Между тем, взглянув случайно в сторону улетавшей стаи, я заметил, что один отбился в сторону, летит как-то неуверенно и наконец опустился в полуверсте. Зарядил я опять ружье и пошел к этому. Нахожу журавля притаившимся у межи; но, не допустив меня шагов 40, подымается он на ноги и пешком, распустив крылья, пускается наутек.
ПРОДОЛЖЕНИЕ. ПРЕДЫДУЩУЮ ЧАСТЬ РАССКАЗА МОЖНО ПОСМОТРЕТЬ ПО ЭТОЙ ССЫЛКЕ.
Заряд крупной дроби затрещал по журавлю, точно в деревянный забор, но и только. Пробежав шагов полтораста, журавль опять залег. Опять, и трижды опять та же история — и в конце концов я остался без зарядов, а прыти журавля нисколько не убавилось. Все четыре выстрела сделаны были в 40–50 шагах, все не промахи, — а журавль как ни в чем не бывал!..

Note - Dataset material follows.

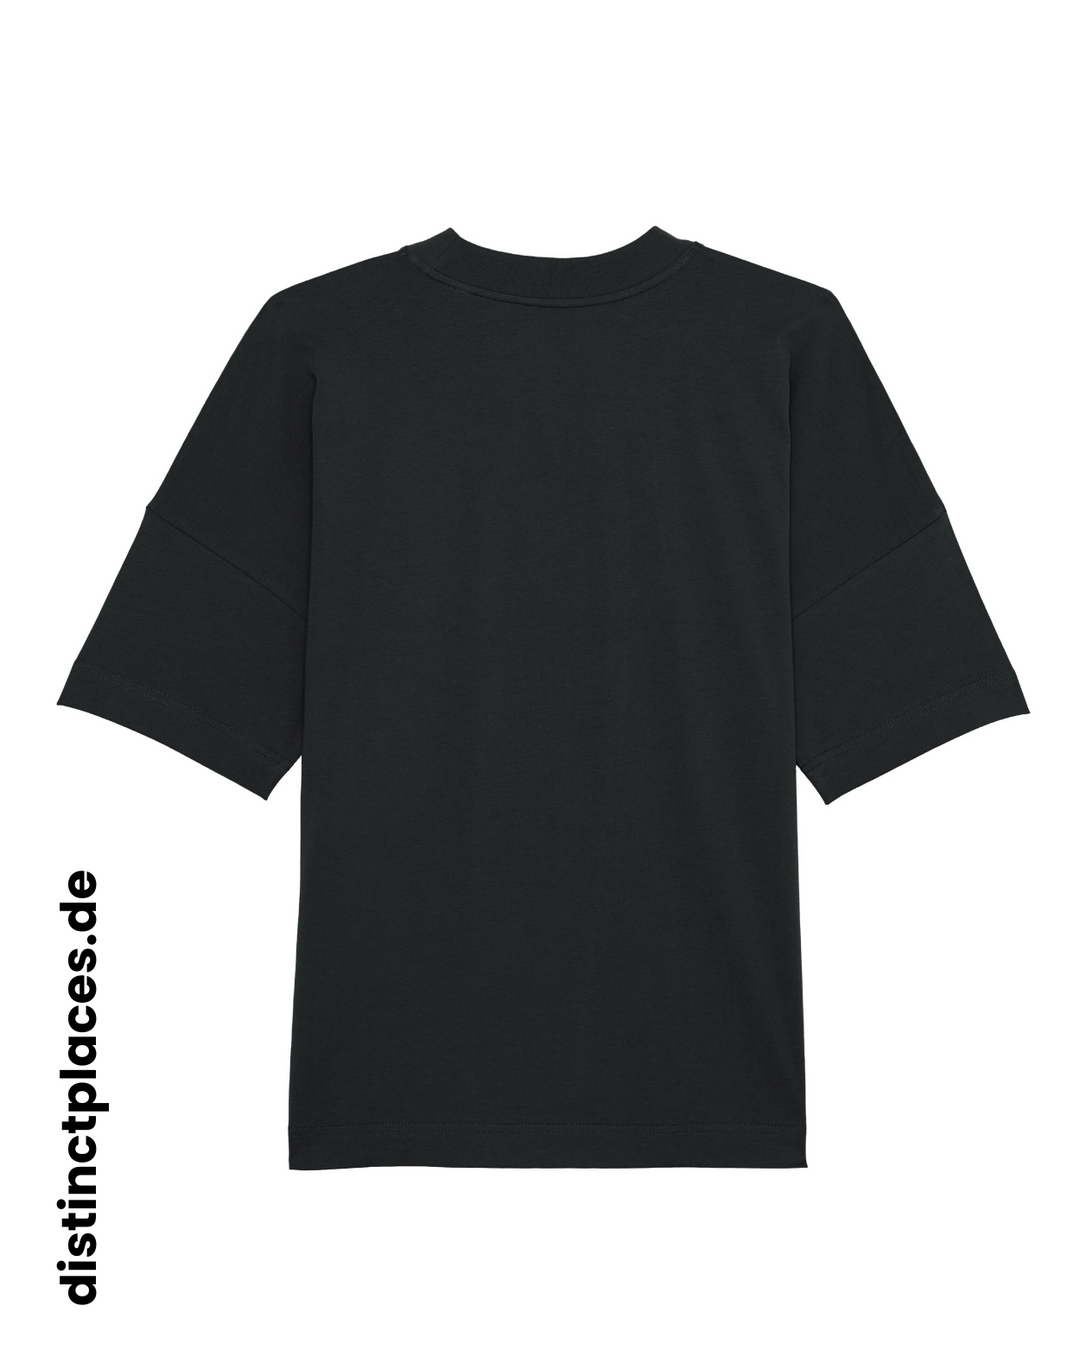 Schwarzes fairtrade, vegan und bio-baumwoll Oversized T-Shirt von hinten mit einem minimalistischem weißen Logo, beziehungsweise Schriftzug für Stuttgart

Раздосадованный первым журавлем я решил во что бы то ни стало завладеть хотя этим и пустился за ним вдогонку. Совсем запыхавшись, настигаю его наконец. Журавль вмиг поворачивается ко мне, вытягивается во весь рост и, разинув клюв, приготовляется к обороне. Не без предосторожностей подошел я к нему и ударом приклада по голове прикончил его. Журавль оказался крупным и вытянул 17 фунтов (почти 7 килограммов. — Прим. редакции).
Досадные промахи
Перехожу теперь к диким гусям. Странным мне кажется то обстоятельство, что там, где в 1880 году я не видал во все лето ни одного гуся, в 1882 году я их встречал в большем или меньшем количестве каждую почти охоту. Места эти — окрестности моих любимых Кустовецких болот и поля Кустовецкой слободы, и села Вишни. Летом я встречал гусей преимущественно на жниве, а позднее, осенью — и на озимях.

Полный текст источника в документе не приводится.